00:07:00.000 | While we're on search, I have to mention AI mode, which for me is Google's attempt to be a perplexity killer.

00:07:06.240 | Yes, you can engage in a back and forth conversation.

00:07:09.040 | By the summer, apparently, it's going to be able to book things for you like an agent, perform deep researches and do data analytics.

00:07:15.840 | Now, none of those features might be new to any of you guys, but it does show that Google is preparing rapidly for the days where that classic search bar is replaced by AI mode.

00:07:25.680 | Speaking of Google deep research, that too has seen a pretty big upgrade.

00:07:30.480 | The model behind it has been upgraded, and if you are on the pro tier, you get the full 2.5 pro to power it.

00:07:37.280 | And yes, like OpenAI deep research, you can now use your own files, but I think there is something much cooler about the new deep research.

00:07:45.280 | Because I'm going to be totally honest with you guys, but I found the original deep research very verbose, like it would always generate these 20 page reports, even if I asked for something quite simple.

00:07:56.000 | Indeed, that was the case when I asked it just now, find out 50 incredible facts about Alpha Evolve, my previous video.

00:08:02.800 | But now Google deep research is integrated with their canvas feature.

00:08:07.520 | So you can instantly turn that deep research report into an interactive website, for example, or maybe just a chart, a table or a podcast using notebook LM.

00:08:19.120 | So while it's good to be comprehensive, I now think most users will have something that they can use on a daily basis.

00:08:24.960 | Speaking of coding, I'll quickly throw in Google's jewels, which is the rival to OpenAI's codex.

00:08:31.440 | And now it's just a few hours before, but with jewels, anyone can sign up and it's free up to five tasks per day powered by 2.5 pro.

00:08:41.440 | Obviously, I'll have to test it side by side, but jewels can import your GitHub repo, clone it virtually on the cloud, verify different changes actually work, for example.

00:08:51.360 | And if you are new to all of that, Google have produced a replic rival.

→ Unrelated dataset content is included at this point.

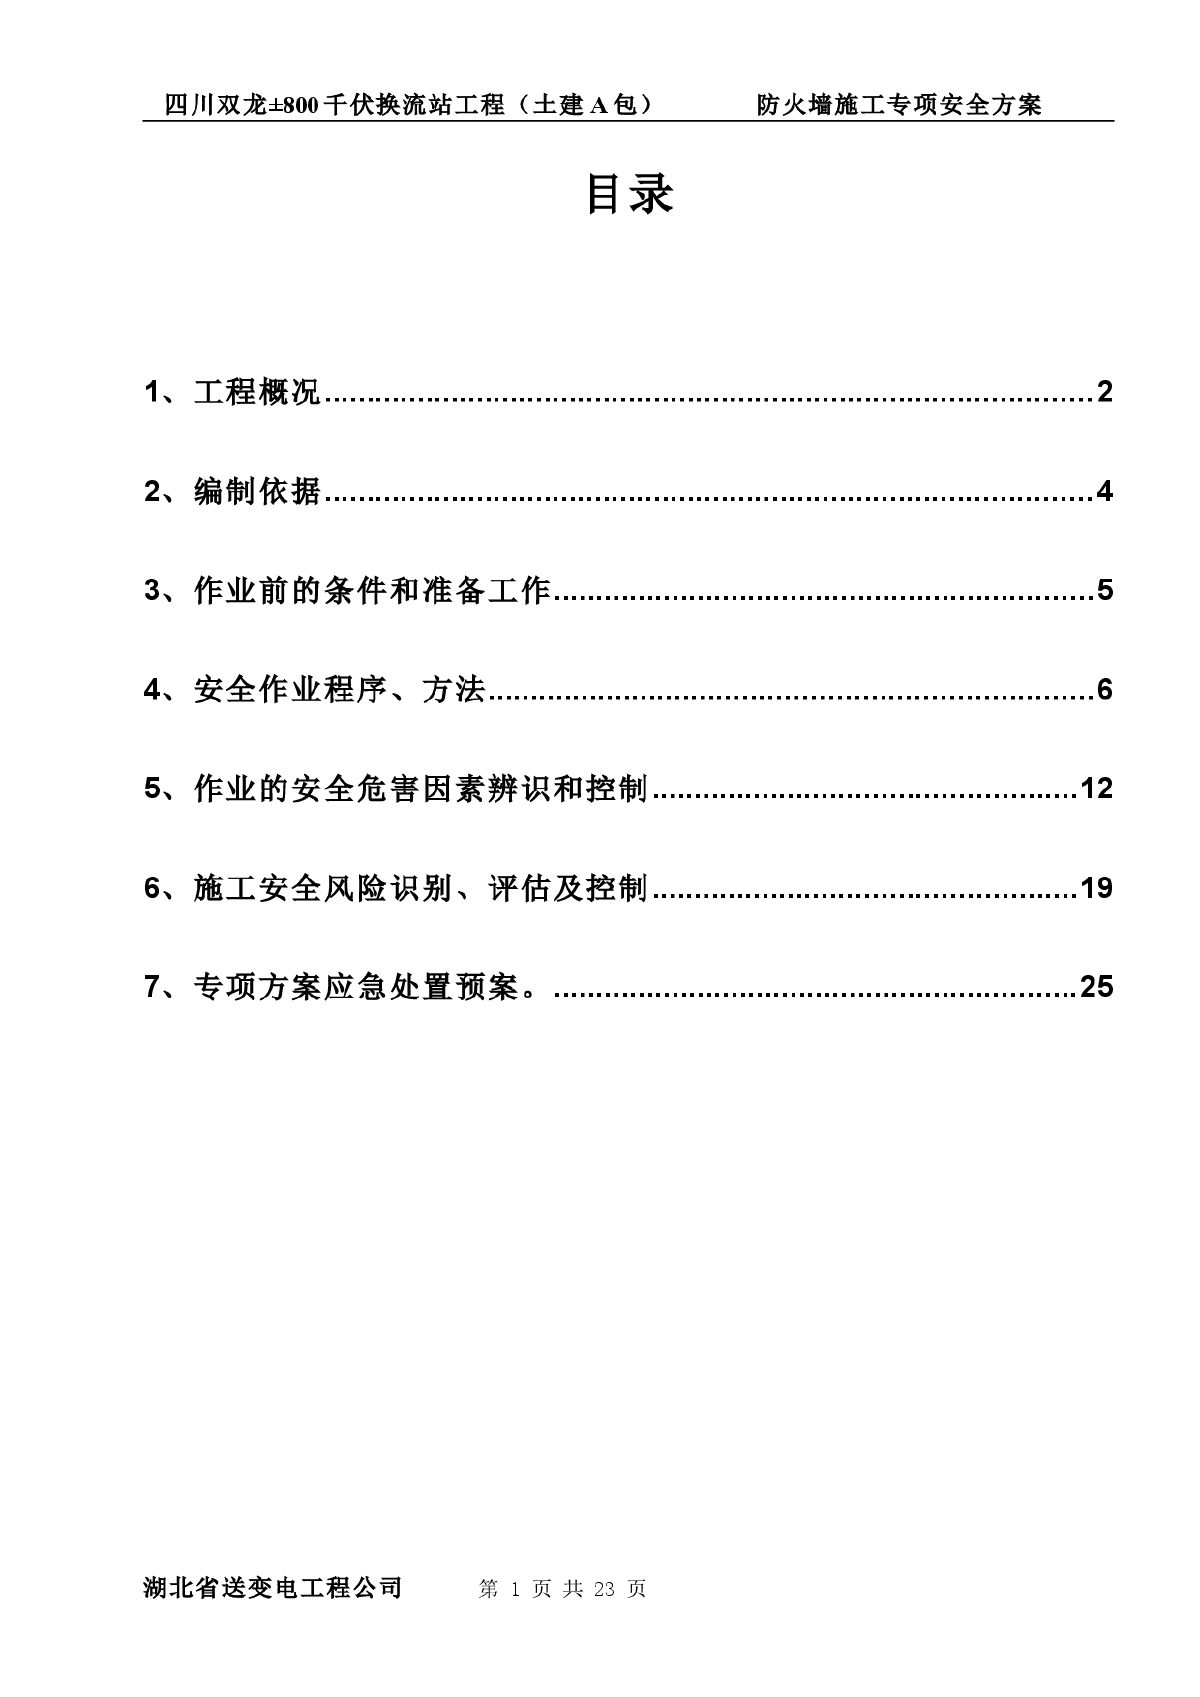 【四川】防火墙施工专项安全方案

00:08:56.160 | This was featured in the developer session, but essentially you can not only develop an app,

00:09:00.640 | but also deploy it on Google Cloud Run.

00:09:02.640 | Yes, they are fairly basic apps that you can create for now, but other people can essentially see what you've made and try it out and enjoy it.

00:09:10.640 | Let's go back to some sweet visuals with Imagine4, their latest text to image model.

00:09:16.640 | In their promotional materials, Google leaned into the finer details that Imagine4 can do, as well as text fidelity.

00:09:24.640 | If you see this image of sheep in a field with knitted yarn, I tried the exact same prompt in GPT image one and got this.

00:09:32.640 | But rather than just rely on a sample size of one, they actually showed us some benchmarks.

00:09:38.640 | Now it's a busy chart, but Google is essentially admitting that GPT image one still outperforms Imagine4 on ultra settings, but takes a lot longer to generate its images.

00:09:48.640 | So for text to image, it's probably fair to say Google has caught up to OpenAI and that image generation model you see in ChatGPT, but hasn't surpassed OpenAI.

00:09:58.640 | But I will say that if it's speed you're looking for, look no further than Gemini Diffusion, the model that no one saw coming.

00:10:05.640 | It's not out yet, I'm on the wait list, but it is a totally different way of doing language modelling.

00:10:11.640 | I'll summarise how it works in a second, but first, how fast does it work?

00:10:15.640 | Well, you can see the prompt and there's the answer.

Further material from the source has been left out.